KQ Article

Making Emotional Connections

To earn consumer loyalty, you must appeal to the heart before the head.

by Dan Hill
Aug 04, 2008

Emotional engagement and preference drive business success. It’s as simple as that, as recognized a century ago by banker J.P. Morgan when he wrote, “A man makes a decision for two reasons: the good reason, and the real reason.”

As Morgan knew in penning those words, the “good” reason is the one we can all justify to ourselves and others. It’s a matter of rationalization, or what the French psychologist Claude Rapaille has called “the intellectual alibi.”

Meanwhile, the “real” reason is, of course, emotional — how something strikes us in our gut.

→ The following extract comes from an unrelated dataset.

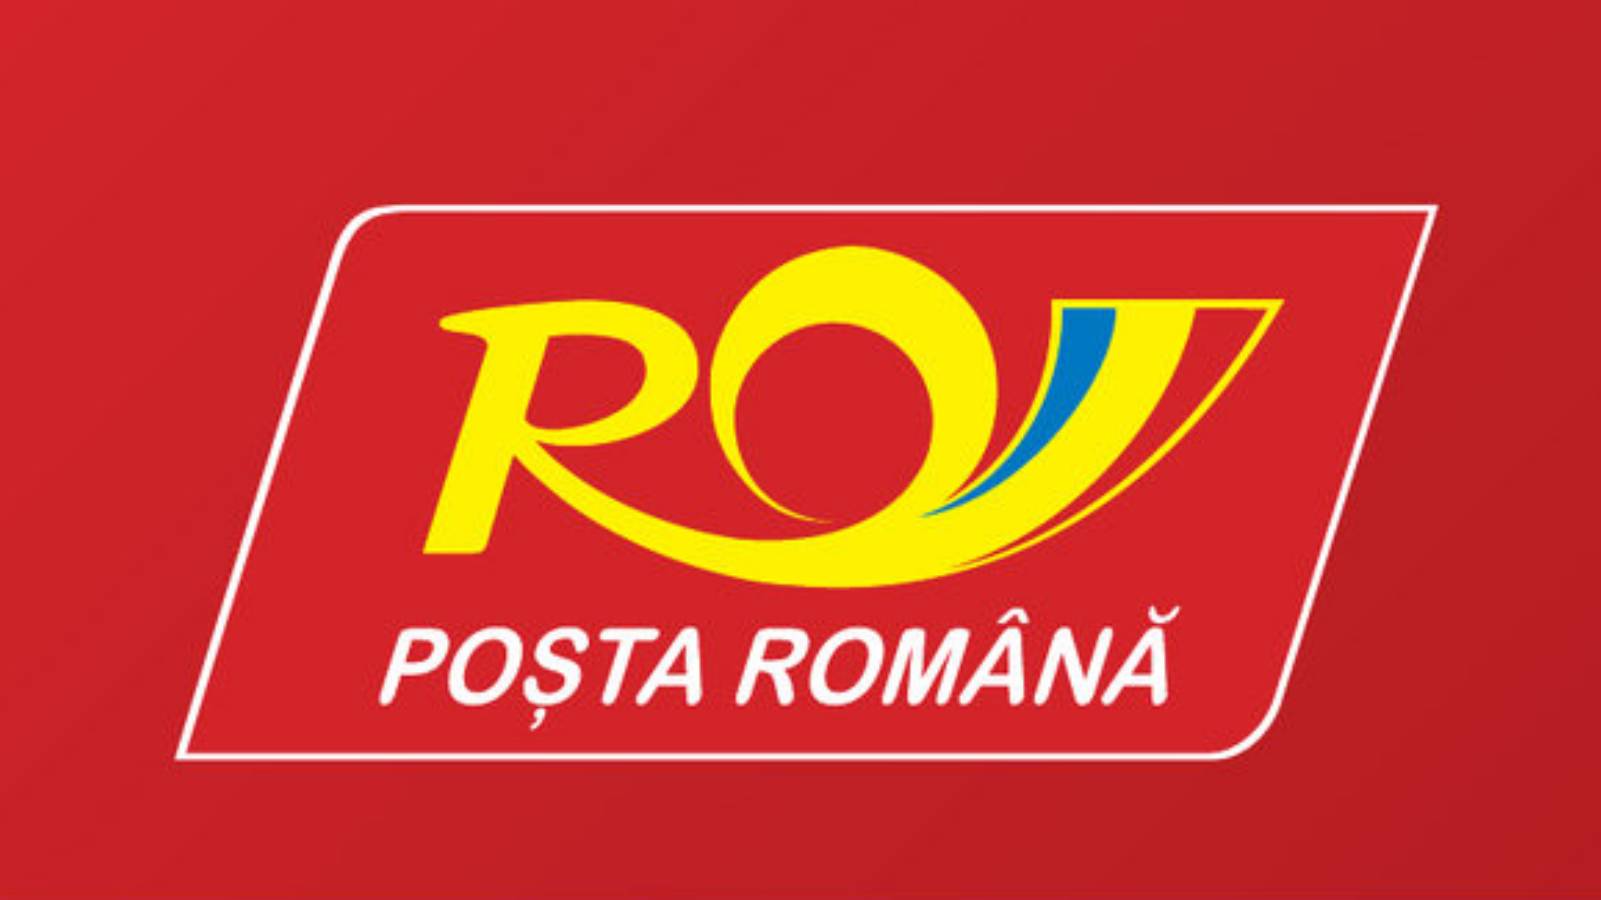 El mensaje del Correo rumano Rovinia

Now-retired General Electric C.E.O. Jack Welch was brave and honest enough to title one of his books, Straight from the Gut, reflecting the reality of how we all truly behave.

FEELINGS HAPPEN FIRST
For a decade now, I have been helping blue-chip companies, some of which do business in the financial services sector, address and benefit from the reality that  consumers are primarily emotional decision-makers.

We’ve known this instinctively, and we’ve known it more consciously since shortly after World War II. That’s when the U.S. government funded brain research that led to the realization that human beings actually have three brains, of which the oldest and, frankly, most influential are the sensory and emotional brains. The rational brain came later — and neurologically, it surrenders first-mover advantage to the emotional brain.

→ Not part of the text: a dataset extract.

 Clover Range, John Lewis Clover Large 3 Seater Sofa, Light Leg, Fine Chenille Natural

In other words, everybody feels before they think. It might make us uncomfortable to recognize that we’re not nearly as rational as we imagine. But in addition to setting you free, the truth can enable you to get a whole lot closer to your consumer base, which thinks and decides matters in a manner much closer to Homer Simpson than Mr. Spock.

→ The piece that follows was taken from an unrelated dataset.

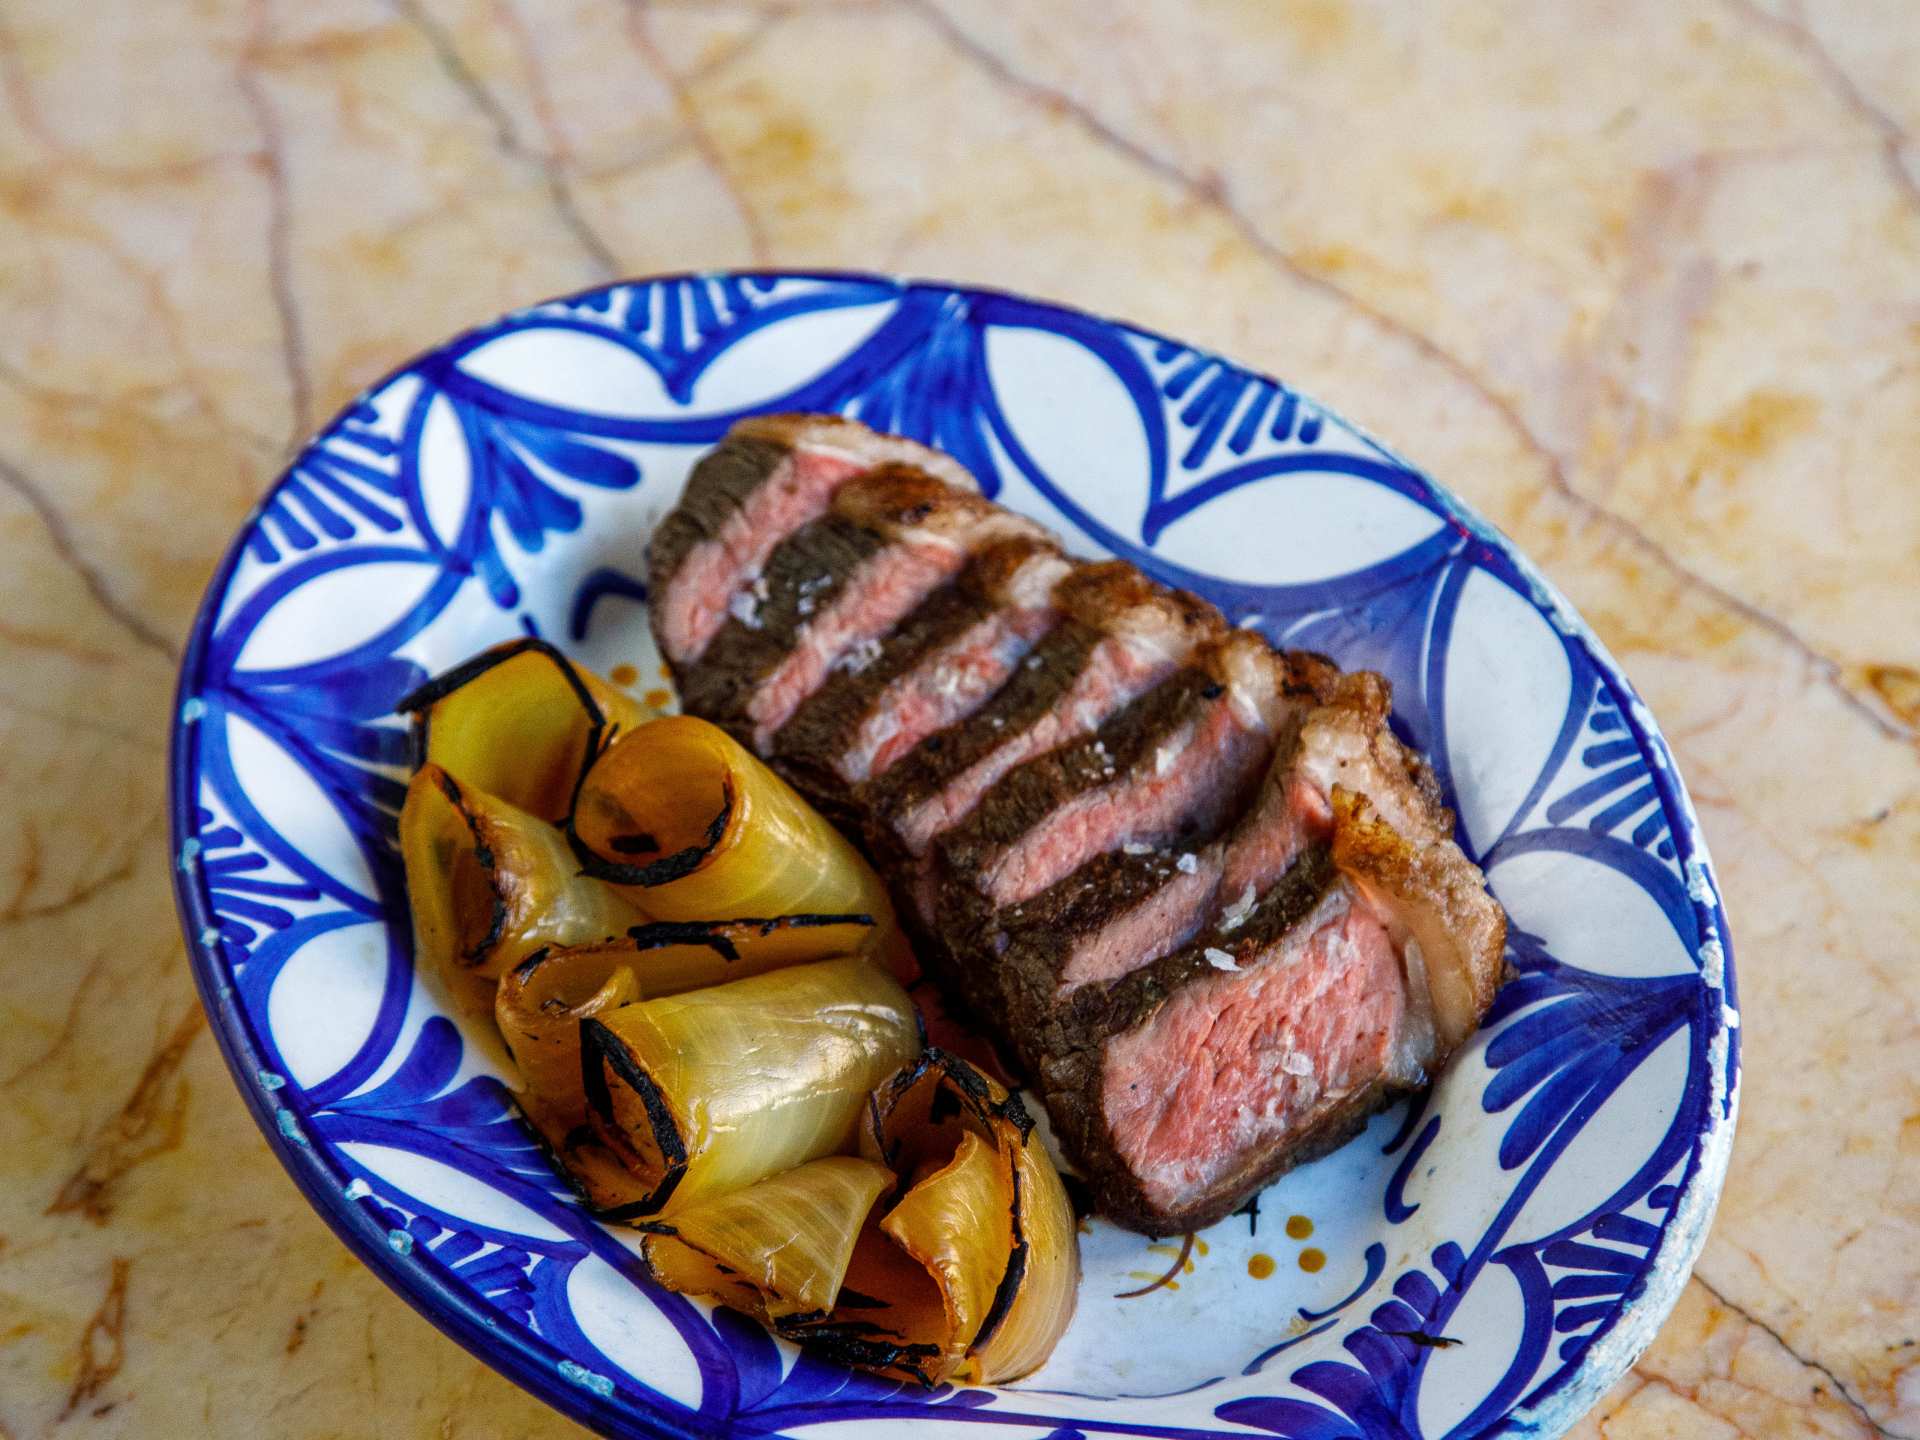 Best restaurants Toronto | Bar Isabel picanha steak

KEYS TO EMOTIONAL CONNECTIONS
The breakthroughs in understanding the human psyche, and how people “think” and how they make decisions, are highly complex subjects that require a book to explain. I know this because I’ve written two of them on how companies can take advantage of this greater understanding of people to make more money. To summarize, here are five quick principles to bear in mind:

  1. Half the brain is devoted to processing visuals — so make sure your branding and retail settings have a reassuring dominant visual element. By reassuring, I mean a simplified version of Maslow’s famous Hierarchy of Needs. Most of ours reads this way, in ascending order: security, then comfort, then pleasure. You can’t get to the top rung, pleasure, without addressing the others first.
  2. Remember that not only do people feel before they think, they assign value emotionally. Think about it. Any financial services company can make a lot of claims. And these claims are often quite difficult to independently assess on a rational basis. But we are all blessed with gut instincts, and we depend on them to decide whether something feels right. Want to achieve loyalty? Well, loyalty is a feeling, after all. As Jeffrey Gitomer writes, “Don’t give anybody any feelings you wouldn’t want to have yourself.”
  3. Strive for elegant simplicity. Steve Jobs is no dummy when he advocates for this. The average reader of a consumer journal will notice a print ad for only two seconds. So don’t let your marketing get in the way of your key message. The brain takes in 11 million bytes of information a second, but we only consciously process about 25 to 40 per second. In other words, your financial institution’s best chance of connecting with consumers is intuitively, not rationally.
  4. Keep in mind that it’s hard to hug a giant. Most companies address the public with a demeanor much like a gigantic robot. Resist this. Instead, use a more intimate, personal voice through the words and tone you select. Big, abstract words impress only yourself. As Marc Gobe warns, “American Airlines has an identity” — but so what? — whereas “Virgin Airlines has a personality.”
  5. Appeal to reason as well as emotion. Make it easy for customers and members to rationalize doing business with you. Why mention this now, after all this preaching on the gospel of emotion? The answer is simple: the reasons you give people to feel smart and safe about doing business with you are emotional in nature. Here’s an analogy to clarify this idea: Although we lie in the bed of our decisions on an emotional basis, the blankets we use to keep warm at night are like the reasons a company gives us to make us feel snug and cozy about them.

The bottom line is that the emotional brain’s response comes first, very quickly and inevitably colors the rational response. There is no purely rational response. This is a fact you can bank on.